Optimizing Join and Aggregation with Teradata UNION ALL Views

Roland Wenzlofsky

April 23, 2023

minutes reading time

Teradata UNION ALL Introduction

Teradata introduced a new Optimizer feature for managing sets of rows combined by UNION ALL in views and derived tables.

In earlier versions of Teradata, rows combined with Teradata UNION ALL were consolidated into a shared spool before further operations like joining another table or performing an aggregation step. Consider the following example of a join operation:

REPLACE VIEW TestView AS
(
SELECT PK, COL1 FROM TheTableA
UNION ALL
SELECT PK, COL1 FROM TheTableB
) ;

SELECT *
FROM
TestView T01
INNER JOIN
TestTable T02
ON
T01.PK = T02.PK
WHERE
T01.COL2 = 100;

The Teradata 15.10 Optimizer creates a common spool and performs a join operation with the “TestTable”.

The common UNION ALL spool will not reduce rows during construction. All join preparation steps, including redistribution on join columns, must be performed using the spool created from the combination of all UNION ALL branches.

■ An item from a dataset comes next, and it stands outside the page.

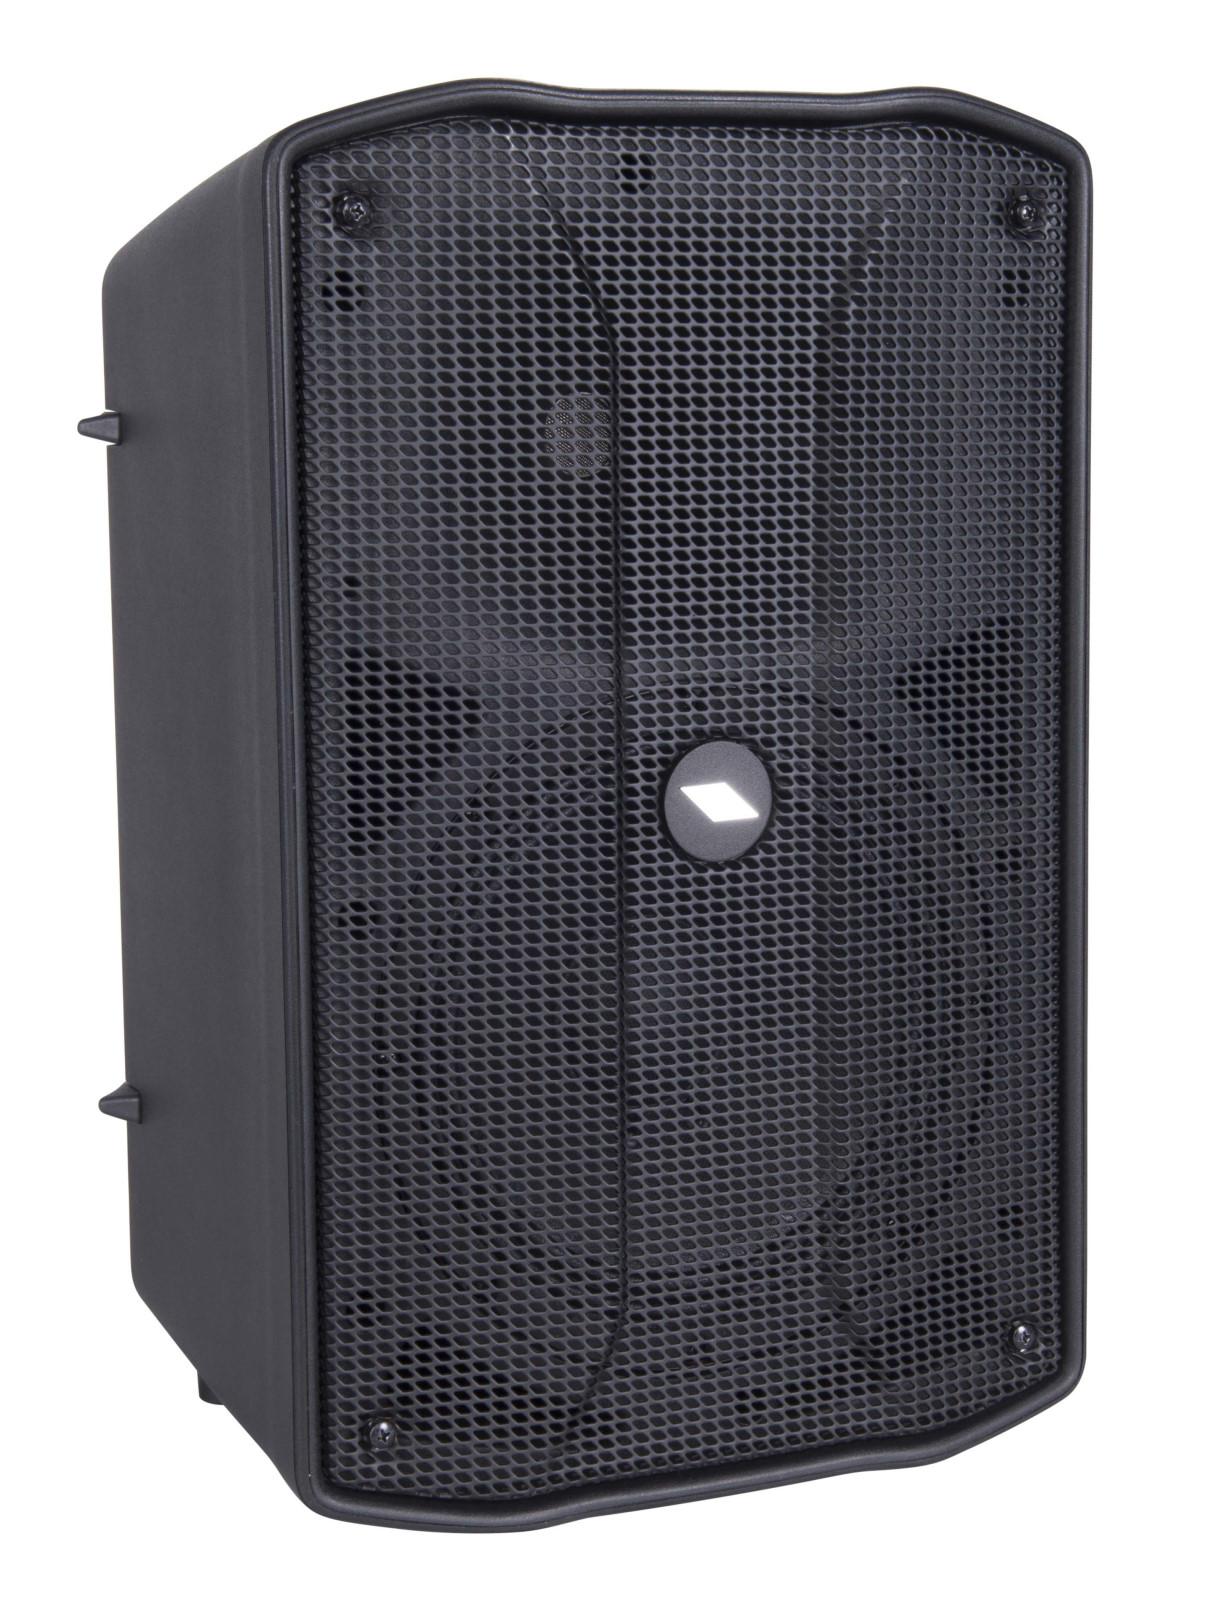 PROEL-FLASH8XD-Active-processed-2-way-loudspeaker-system-sku-1496130178193

The Optimizer in Teradata 16 enables the division of a join into several segments and an additional choice.

Each Teradata UNION ALL branch can be joined separately to the “TestTable”. The final outcome of these join processes is stored in a final spool.

To format the query for presentation, we use the following structure:

SELECT * FROMTheTableA T01
INNER JOIN
TestTable T02
ON T01.PK = T02.PK;
WHERE T01.COL2 = 100;

SELECT * FROMTheTableB T01
INNER JOIN
TestTable T02
ON T01.PK = T02.PK;
WHERE T01.COL2 = 100;

This option can save resources by effectively decreasing the selected row count in every join.

The potential for decreased resource consumption rises as tables become larger and are merged using UNION ALL before being joined with an additional table.

The Teradata 16 Optimizer can apply aggregation to each branch of UNION ALL separately and then execute global aggregation in a subsequent step.

Before Teradata 15.10, aggregation occurred once all UNION ALL branches had been consolidated into a shared spool.

The primary benefit is counting the rows of a view or derived table that includes multiple branches merged with UNION ALL. Before Teradata 15.10, a common spool was created, which required a row count.

Starting with Teradata 14.10, the Optimizer has implemented a uniform optimization method for individual tables. This entails computing the row count on the Cylinder Index for each table linked by a UNION ALL operation and subsequently summing up the results. This technique remains in use in Teradata 16.

The Optimizer can utilize the aforementioned techniques to enhance performance by reducing spool sizes by pushing aggregation or joining into each UNION ALL branch.

The Optimizer heavily relies on statistics to determine the feasibility of implementing novel methods.